◆ Assignment
After finding the line containing "Sidi Bou Said" below, please output that line and each following one through the line containing "کاور سیلیکونی مدل", exactly as written.

[Dataset entries]
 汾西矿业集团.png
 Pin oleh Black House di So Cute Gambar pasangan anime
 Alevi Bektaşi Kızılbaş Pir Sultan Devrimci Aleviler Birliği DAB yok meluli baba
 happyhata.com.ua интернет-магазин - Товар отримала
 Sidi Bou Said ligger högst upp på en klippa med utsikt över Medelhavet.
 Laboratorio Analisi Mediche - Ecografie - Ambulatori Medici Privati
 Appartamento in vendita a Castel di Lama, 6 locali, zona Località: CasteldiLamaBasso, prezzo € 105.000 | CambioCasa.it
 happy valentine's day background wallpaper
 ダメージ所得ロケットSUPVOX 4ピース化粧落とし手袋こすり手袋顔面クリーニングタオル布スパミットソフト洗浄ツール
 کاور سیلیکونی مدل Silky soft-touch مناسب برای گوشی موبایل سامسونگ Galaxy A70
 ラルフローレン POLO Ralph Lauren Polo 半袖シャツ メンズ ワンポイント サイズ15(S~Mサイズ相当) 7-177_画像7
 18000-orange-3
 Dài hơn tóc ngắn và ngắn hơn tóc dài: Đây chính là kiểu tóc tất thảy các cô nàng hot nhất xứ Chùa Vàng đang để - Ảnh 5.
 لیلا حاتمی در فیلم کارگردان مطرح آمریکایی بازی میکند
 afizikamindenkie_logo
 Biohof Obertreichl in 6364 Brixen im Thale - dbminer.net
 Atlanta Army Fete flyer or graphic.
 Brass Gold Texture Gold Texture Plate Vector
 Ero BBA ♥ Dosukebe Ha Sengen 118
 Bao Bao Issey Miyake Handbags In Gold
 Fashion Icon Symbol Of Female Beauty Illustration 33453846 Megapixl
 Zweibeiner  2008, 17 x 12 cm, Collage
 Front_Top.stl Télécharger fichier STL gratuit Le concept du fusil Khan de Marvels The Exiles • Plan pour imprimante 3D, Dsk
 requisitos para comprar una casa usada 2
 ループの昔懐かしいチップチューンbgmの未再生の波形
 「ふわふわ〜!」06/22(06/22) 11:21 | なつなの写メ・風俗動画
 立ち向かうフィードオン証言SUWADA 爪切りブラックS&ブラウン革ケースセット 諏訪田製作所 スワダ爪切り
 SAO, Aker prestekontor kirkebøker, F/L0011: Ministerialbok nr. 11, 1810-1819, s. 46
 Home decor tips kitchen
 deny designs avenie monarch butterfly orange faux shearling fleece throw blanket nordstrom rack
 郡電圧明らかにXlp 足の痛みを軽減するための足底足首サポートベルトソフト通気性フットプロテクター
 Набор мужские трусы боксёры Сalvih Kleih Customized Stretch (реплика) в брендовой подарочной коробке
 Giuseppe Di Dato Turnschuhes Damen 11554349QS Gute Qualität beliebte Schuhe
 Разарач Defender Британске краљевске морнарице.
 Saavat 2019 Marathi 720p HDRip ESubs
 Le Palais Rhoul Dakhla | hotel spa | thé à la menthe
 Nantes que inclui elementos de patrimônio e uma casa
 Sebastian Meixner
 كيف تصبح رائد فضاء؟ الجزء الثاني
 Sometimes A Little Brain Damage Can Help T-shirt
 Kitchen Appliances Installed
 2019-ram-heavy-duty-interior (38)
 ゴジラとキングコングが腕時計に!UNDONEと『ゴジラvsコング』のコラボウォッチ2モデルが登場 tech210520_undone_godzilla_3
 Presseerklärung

◆ Answer space
 Sidi Bou Said ligger högst upp på en klippa med utsikt över Medelhavet.
 Laboratorio Analisi Mediche - Ecografie - Ambulatori Medici Privati
 Appartamento in vendita a Castel di Lama, 6 locali, zona Località: CasteldiLamaBasso, prezzo € 105.000 | CambioCasa.it
 happy valentine's day background wallpaper
 ダメージ所得ロケットSUPVOX 4ピース化粧落とし手袋こすり手袋顔面クリーニングタオル布スパミットソフト洗浄ツール
 کاور سیلیکونی مدل Silky soft-touch مناسب برای گوشی موبایل سامسونگ Galaxy A70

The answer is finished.